The breakdown of silos is not in itself a regulation or mandate, but savvy organizations have recognized it is key to ensuring all stakeholders across the organization speak the same language and are all in compliance. By increasing focus on integration and cross-organization communication, businesses can ensure every pocket of their organization is compliant. Remember: if one pocket of your organization − no matter how small − is out of compliance, your entire organization is out of compliance.
Within every organization, there are four categories of resilience decision makers: executives, business owners, risk leaders, and focused practitioners. Resilience is now on all their radars, so what’s the problem? These groups don’t speak the same language about resilience. By breaking down silos and increasing communication and transparency, organizations can create a unified approach to resilience and a common language all parties can speak.
Allocate resources
From financial services to farming, regulators this year mandated budget allocation for resilience programs. They enumerated specific amounts − dependent on the size of firms and businesses − to ensure sufficient funds were set aside to build resilience programs.
Their message is clear: to optimize your resilience strategy, you must allocate proper resources. This means not just assigning budget for incidental cases such as a cyber-attack, but also towards an ongoing, recurring investment into your resilience strategy. This could include investment in a technology platform, advisory consultants, or a hybrid model of both, with the ultimate goal of building tools for consistent protection. Expertise and technology are at the heart of this investment; ultimately, the best investment you can make is a technology-led, advisory program that proactively and constantly detects and protects your organization.
Lean on experts
To ensure a universal taxonomy, complete stakeholder visibility, and streamlined compliance and operations, smart organizations will look to lean on expert partners for advisory. The increasing pace of regulation and deepening complexity to compliance is practically impossible for organizations to keep up with. After all, compliance looks different in different organizations. Financial institutions and others need partners who both understand the changing regulatory landscape and their unique business needs.
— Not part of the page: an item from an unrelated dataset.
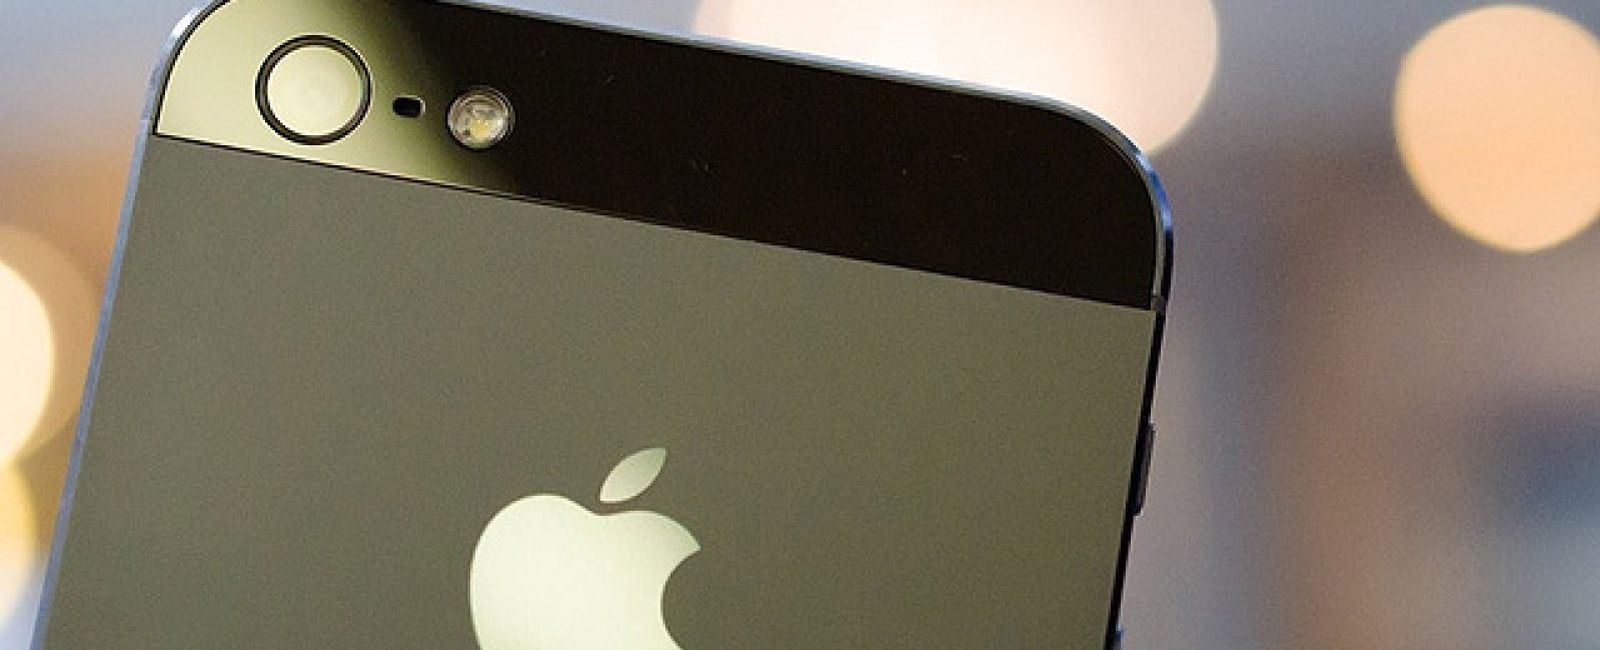 Foto: ¿Problemas con la batería o pantalla de tu iPhone 5? Aprende a cambiarlas
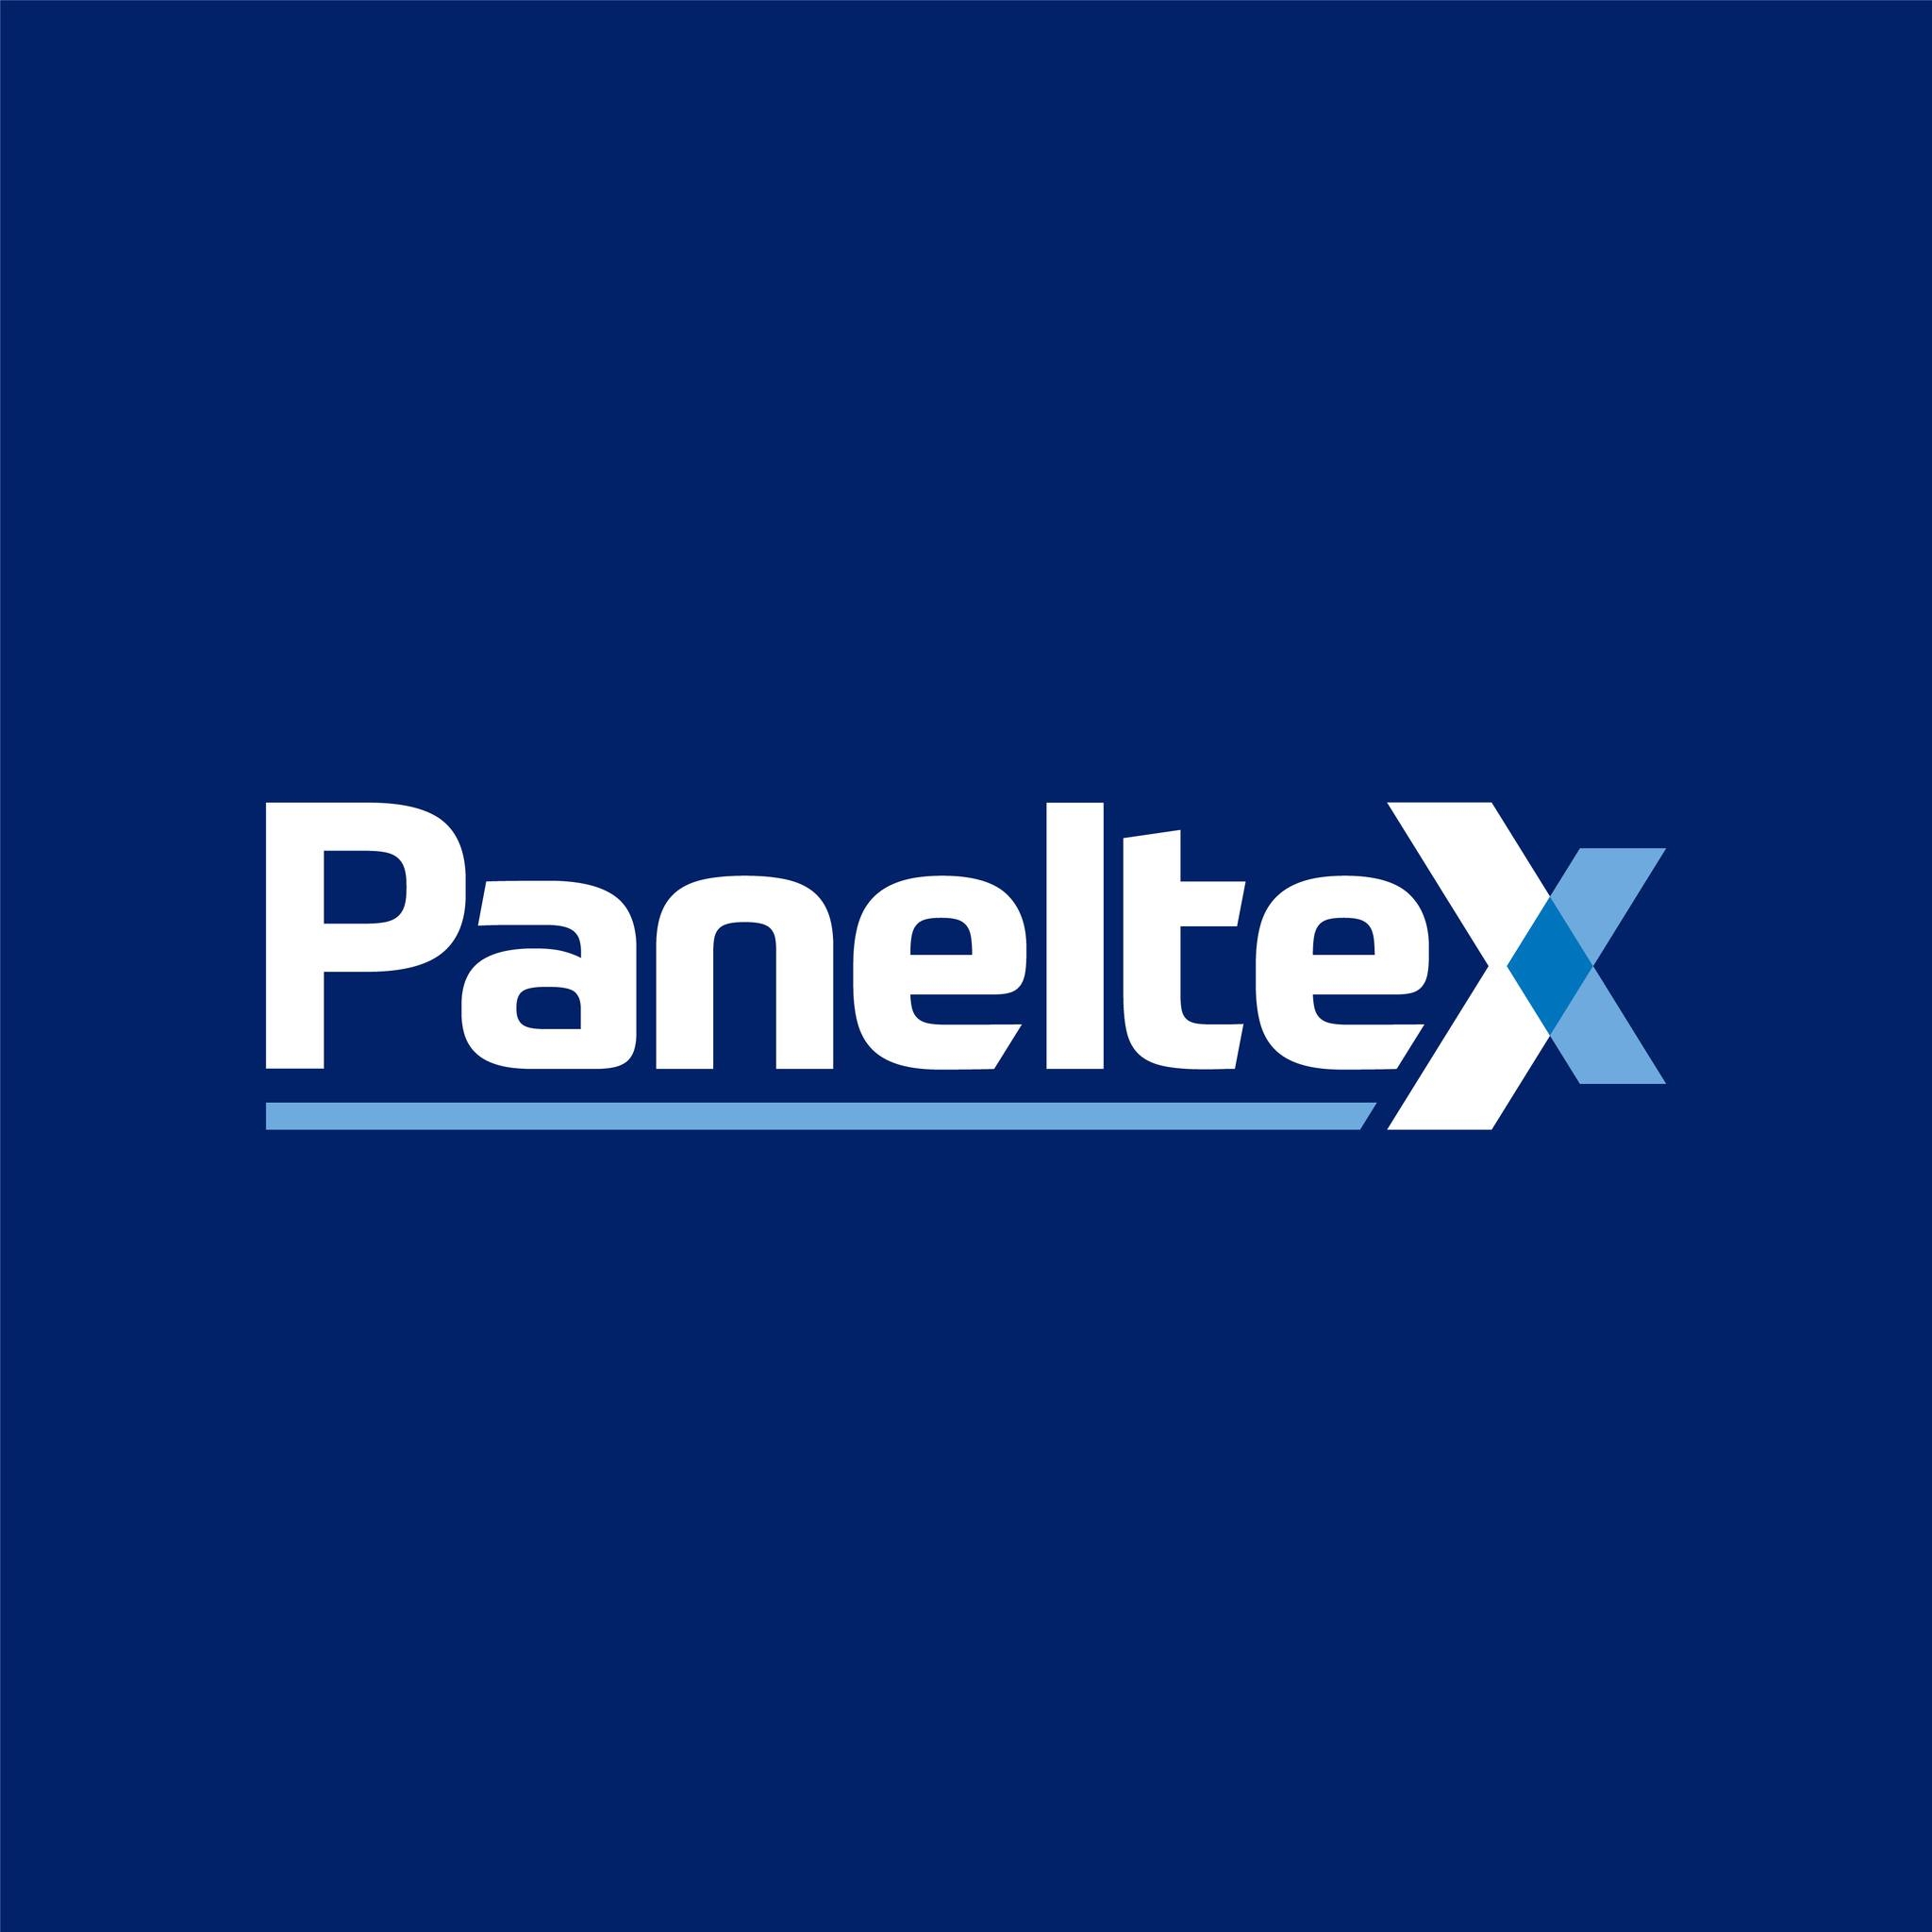 Paneltex

Strong technology partners can manage the complexity and nuances of different industry standards. They can advise on best practices and utilize economies of scale to standardize regulatory requirements. They can identify where your organization sits in its resilience journey and provide necessary strategy to progress the journey further.
What’s next on the horizon?
If regulation is set to protect people, we can expect the global pandemic and other events of 2020 to drive regulation at a rate never seen before.
Already, BOE, BASEL, IIA, and FRB are changing their postures towards resilience and looking closely at other specific industries that are integral to human good. As the regulatory landscape around operational resilience matures, forward-thinking firms are responding with increased resilience. Firms must take a data-centric approach to create a more operationally intelligent organization.